[Excerpts from a dataset]

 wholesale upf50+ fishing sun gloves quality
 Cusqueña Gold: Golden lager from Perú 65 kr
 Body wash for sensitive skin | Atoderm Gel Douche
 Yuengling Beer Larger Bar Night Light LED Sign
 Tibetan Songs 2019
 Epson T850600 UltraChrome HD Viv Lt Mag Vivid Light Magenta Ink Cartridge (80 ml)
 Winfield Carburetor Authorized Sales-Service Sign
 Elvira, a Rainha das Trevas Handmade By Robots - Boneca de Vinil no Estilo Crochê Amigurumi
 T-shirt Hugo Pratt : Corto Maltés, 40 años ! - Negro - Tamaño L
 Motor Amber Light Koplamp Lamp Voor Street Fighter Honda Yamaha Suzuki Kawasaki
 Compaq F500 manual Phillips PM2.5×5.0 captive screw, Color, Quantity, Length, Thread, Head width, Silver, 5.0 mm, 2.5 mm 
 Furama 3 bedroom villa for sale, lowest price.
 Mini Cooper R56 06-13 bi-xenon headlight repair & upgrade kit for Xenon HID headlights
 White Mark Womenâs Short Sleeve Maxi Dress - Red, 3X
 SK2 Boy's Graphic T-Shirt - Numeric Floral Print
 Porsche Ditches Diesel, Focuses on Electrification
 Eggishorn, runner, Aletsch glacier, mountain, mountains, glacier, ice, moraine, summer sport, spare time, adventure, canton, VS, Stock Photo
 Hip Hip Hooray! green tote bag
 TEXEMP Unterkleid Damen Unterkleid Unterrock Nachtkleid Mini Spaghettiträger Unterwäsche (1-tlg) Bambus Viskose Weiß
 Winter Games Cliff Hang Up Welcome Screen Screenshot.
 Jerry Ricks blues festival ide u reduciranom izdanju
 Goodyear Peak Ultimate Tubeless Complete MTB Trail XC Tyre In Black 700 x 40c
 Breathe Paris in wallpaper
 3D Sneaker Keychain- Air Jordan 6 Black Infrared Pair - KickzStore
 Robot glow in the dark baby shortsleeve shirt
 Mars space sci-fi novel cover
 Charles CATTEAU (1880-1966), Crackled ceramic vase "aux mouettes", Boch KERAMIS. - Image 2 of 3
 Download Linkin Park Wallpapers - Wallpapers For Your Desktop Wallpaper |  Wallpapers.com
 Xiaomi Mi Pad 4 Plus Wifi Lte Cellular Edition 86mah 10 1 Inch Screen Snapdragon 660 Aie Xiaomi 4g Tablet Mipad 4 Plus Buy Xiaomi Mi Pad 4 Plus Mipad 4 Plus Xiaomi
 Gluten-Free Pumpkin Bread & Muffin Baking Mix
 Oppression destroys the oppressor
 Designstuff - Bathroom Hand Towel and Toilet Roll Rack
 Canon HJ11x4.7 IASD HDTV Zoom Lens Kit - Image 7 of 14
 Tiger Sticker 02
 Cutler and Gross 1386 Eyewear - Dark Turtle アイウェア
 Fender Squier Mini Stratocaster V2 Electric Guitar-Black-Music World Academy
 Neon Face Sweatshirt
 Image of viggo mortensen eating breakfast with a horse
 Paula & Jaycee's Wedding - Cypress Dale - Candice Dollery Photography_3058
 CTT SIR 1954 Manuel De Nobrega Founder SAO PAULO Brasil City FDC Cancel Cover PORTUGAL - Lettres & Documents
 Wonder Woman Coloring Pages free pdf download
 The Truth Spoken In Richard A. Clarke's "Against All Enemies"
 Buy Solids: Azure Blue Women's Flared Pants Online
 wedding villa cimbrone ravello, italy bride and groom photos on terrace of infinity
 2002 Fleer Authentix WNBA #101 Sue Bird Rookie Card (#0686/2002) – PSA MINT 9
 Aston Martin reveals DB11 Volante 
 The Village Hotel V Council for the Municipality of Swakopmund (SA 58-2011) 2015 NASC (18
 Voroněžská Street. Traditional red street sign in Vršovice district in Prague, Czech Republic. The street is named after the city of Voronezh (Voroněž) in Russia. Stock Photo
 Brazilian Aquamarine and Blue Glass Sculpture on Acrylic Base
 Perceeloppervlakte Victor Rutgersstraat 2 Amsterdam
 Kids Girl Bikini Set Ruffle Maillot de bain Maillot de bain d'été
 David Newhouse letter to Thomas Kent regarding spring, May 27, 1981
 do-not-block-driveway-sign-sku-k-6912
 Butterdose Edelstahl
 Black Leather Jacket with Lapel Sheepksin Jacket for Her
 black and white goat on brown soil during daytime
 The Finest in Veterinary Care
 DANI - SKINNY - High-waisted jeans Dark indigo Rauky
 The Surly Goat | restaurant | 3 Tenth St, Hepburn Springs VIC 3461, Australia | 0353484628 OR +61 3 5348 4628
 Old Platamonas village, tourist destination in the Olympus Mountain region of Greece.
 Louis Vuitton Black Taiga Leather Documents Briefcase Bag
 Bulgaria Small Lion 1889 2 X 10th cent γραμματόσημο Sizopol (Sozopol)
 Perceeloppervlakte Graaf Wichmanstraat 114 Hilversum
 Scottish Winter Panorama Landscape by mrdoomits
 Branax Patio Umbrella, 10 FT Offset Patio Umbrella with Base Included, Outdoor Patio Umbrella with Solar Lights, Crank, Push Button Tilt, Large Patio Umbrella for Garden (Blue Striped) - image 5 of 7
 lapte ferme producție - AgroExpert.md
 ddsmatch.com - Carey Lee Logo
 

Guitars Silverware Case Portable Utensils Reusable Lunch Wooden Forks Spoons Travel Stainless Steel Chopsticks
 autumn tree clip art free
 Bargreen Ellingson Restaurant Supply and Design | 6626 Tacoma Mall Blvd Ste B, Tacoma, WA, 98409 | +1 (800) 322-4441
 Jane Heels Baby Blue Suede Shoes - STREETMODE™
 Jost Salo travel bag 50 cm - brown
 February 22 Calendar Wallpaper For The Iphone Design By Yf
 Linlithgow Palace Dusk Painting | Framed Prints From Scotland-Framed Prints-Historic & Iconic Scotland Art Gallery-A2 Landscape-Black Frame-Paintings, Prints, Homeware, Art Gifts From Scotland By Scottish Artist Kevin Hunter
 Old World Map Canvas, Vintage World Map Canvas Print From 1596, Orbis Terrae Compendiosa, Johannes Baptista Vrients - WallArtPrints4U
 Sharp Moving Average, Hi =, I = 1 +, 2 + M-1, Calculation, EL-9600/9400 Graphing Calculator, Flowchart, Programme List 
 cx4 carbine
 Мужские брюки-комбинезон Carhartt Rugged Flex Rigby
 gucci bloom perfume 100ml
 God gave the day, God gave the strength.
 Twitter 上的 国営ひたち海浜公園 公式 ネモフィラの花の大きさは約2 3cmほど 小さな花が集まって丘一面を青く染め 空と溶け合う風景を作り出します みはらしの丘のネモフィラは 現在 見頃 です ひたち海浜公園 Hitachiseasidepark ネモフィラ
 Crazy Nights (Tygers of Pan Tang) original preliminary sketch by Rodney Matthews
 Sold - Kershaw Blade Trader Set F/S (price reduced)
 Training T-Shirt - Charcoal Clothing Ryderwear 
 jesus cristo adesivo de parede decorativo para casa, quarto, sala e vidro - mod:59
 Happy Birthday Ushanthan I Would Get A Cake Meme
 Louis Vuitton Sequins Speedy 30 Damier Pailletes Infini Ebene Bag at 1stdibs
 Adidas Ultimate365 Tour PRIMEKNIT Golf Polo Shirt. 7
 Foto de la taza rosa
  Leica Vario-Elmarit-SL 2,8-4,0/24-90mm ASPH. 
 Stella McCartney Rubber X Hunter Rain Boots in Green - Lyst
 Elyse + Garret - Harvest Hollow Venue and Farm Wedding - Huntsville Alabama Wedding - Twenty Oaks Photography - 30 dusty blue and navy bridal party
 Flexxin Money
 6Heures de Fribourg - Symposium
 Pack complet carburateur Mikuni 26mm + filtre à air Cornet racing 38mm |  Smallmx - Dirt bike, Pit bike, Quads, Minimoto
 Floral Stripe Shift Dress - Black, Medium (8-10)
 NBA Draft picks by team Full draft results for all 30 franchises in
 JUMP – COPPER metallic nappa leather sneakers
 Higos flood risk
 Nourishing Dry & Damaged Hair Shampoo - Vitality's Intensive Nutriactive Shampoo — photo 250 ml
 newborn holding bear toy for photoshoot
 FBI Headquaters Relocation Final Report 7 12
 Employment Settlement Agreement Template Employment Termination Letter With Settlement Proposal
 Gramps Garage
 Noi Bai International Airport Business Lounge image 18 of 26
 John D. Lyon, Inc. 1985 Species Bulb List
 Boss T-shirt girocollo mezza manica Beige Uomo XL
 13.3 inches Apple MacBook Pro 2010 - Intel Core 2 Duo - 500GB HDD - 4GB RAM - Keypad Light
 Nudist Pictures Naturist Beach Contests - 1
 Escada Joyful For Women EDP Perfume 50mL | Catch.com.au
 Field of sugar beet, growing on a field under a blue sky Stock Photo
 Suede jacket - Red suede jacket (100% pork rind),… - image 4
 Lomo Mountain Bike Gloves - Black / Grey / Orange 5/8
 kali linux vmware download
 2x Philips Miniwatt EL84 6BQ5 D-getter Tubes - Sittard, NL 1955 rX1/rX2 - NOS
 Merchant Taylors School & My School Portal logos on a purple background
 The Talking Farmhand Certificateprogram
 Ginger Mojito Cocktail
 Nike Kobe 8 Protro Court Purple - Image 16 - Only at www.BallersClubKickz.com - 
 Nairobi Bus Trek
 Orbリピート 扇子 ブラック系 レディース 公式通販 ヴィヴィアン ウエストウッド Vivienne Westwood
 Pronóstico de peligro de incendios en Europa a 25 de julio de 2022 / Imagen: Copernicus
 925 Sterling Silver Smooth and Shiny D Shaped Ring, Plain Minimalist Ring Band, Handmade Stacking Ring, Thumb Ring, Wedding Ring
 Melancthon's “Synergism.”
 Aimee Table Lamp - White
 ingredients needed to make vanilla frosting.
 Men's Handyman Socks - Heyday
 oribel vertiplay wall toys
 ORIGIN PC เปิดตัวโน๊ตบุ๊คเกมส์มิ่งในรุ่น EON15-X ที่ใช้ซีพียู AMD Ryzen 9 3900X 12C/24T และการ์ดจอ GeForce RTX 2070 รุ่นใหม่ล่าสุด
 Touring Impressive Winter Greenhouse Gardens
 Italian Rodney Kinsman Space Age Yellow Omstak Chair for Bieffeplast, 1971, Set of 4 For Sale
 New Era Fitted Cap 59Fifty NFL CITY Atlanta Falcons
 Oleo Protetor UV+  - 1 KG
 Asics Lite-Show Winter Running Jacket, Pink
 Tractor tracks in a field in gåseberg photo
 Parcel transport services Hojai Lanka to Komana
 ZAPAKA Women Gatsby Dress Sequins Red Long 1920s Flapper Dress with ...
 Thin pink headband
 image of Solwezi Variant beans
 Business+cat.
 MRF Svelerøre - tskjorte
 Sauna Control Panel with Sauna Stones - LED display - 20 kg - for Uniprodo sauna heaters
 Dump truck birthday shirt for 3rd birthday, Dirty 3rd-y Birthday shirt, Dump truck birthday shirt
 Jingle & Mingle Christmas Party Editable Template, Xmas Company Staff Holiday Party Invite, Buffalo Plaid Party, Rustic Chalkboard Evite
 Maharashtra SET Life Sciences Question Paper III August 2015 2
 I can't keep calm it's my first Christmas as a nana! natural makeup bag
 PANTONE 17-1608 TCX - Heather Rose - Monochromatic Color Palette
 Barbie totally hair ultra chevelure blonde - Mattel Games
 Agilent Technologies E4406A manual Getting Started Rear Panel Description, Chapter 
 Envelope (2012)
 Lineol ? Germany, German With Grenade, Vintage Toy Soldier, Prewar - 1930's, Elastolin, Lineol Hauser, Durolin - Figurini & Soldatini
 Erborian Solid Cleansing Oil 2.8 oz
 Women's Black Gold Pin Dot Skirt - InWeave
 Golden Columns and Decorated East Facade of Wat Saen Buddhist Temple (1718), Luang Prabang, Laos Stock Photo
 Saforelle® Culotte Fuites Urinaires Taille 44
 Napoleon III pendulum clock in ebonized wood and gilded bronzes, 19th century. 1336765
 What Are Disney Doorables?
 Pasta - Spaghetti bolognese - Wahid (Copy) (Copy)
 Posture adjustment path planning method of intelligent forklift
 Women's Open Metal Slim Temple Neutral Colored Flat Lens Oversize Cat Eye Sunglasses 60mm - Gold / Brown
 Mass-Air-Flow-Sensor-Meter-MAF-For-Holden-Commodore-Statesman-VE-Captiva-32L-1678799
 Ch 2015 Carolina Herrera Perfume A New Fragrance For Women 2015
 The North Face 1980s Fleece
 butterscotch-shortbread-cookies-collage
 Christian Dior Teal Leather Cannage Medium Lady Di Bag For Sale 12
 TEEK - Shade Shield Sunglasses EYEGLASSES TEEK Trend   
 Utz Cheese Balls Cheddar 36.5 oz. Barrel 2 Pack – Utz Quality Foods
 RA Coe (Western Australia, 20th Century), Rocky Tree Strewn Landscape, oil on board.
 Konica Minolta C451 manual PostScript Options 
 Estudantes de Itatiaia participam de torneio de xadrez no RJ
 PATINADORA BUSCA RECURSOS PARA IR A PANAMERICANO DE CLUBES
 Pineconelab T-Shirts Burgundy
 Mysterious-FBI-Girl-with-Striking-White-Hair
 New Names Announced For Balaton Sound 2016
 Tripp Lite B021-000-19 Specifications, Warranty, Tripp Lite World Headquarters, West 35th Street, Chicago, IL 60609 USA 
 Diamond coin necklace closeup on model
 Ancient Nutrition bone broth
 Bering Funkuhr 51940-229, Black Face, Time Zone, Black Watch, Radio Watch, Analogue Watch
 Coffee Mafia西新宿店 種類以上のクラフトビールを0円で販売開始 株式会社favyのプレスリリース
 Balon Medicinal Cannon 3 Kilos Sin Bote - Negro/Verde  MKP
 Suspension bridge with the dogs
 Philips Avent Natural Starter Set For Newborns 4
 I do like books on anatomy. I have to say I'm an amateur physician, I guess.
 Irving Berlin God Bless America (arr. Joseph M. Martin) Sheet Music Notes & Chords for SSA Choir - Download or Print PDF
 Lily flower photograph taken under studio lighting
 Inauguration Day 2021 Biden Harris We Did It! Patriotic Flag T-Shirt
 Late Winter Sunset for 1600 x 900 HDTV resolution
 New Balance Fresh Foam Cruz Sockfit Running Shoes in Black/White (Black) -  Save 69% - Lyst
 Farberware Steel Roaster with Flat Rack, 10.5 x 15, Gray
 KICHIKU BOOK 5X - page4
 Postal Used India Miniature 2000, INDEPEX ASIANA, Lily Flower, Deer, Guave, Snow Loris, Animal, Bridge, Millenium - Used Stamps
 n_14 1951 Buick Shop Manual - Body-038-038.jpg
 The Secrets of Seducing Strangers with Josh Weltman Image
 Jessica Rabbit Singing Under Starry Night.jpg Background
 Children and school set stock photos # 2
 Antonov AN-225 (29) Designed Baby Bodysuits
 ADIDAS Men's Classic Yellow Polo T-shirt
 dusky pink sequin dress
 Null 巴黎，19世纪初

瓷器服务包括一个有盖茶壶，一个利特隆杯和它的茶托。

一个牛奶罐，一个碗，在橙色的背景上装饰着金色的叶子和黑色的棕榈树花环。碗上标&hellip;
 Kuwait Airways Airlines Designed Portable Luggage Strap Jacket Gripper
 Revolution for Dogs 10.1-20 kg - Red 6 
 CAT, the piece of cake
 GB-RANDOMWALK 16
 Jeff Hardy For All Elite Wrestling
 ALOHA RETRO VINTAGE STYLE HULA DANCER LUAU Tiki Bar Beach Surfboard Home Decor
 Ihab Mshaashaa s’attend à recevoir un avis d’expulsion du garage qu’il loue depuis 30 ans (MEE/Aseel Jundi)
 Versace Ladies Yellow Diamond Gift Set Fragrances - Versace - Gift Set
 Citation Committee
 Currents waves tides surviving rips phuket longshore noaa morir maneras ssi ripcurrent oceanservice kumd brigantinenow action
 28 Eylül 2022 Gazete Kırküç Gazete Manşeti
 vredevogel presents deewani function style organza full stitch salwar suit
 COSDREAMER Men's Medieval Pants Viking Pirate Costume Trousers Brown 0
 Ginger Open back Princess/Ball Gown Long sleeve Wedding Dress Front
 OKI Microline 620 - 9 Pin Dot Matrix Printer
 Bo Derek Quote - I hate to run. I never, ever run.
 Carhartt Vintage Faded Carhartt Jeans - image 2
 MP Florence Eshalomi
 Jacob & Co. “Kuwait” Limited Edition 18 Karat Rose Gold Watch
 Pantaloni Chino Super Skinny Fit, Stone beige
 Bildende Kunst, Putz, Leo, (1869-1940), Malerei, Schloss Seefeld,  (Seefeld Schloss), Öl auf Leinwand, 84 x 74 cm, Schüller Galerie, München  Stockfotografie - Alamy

Task goal: The lines to extract from the data above begin with the line containing "Irving Berlin God" and end with the line containing "The Secrets of". Extract them exactly, including both.

Your solution:
 Irving Berlin God Bless America (arr. Joseph M. Martin) Sheet Music Notes & Chords for SSA Choir - Download or Print PDF
 Lily flower photograph taken under studio lighting
 Inauguration Day 2021 Biden Harris We Did It! Patriotic Flag T-Shirt
 Late Winter Sunset for 1600 x 900 HDTV resolution
 New Balance Fresh Foam Cruz Sockfit Running Shoes in Black/White (Black) -  Save 69% - Lyst
 Farberware Steel Roaster with Flat Rack, 10.5 x 15, Gray
 KICHIKU BOOK 5X - page4
 Postal Used India Miniature 2000, INDEPEX ASIANA, Lily Flower, Deer, Guave, Snow Loris, Animal, Bridge, Millenium - Used Stamps
 n_14 1951 Buick Shop Manual - Body-038-038.jpg
 The Secrets of Seducing Strangers with Josh Weltman Image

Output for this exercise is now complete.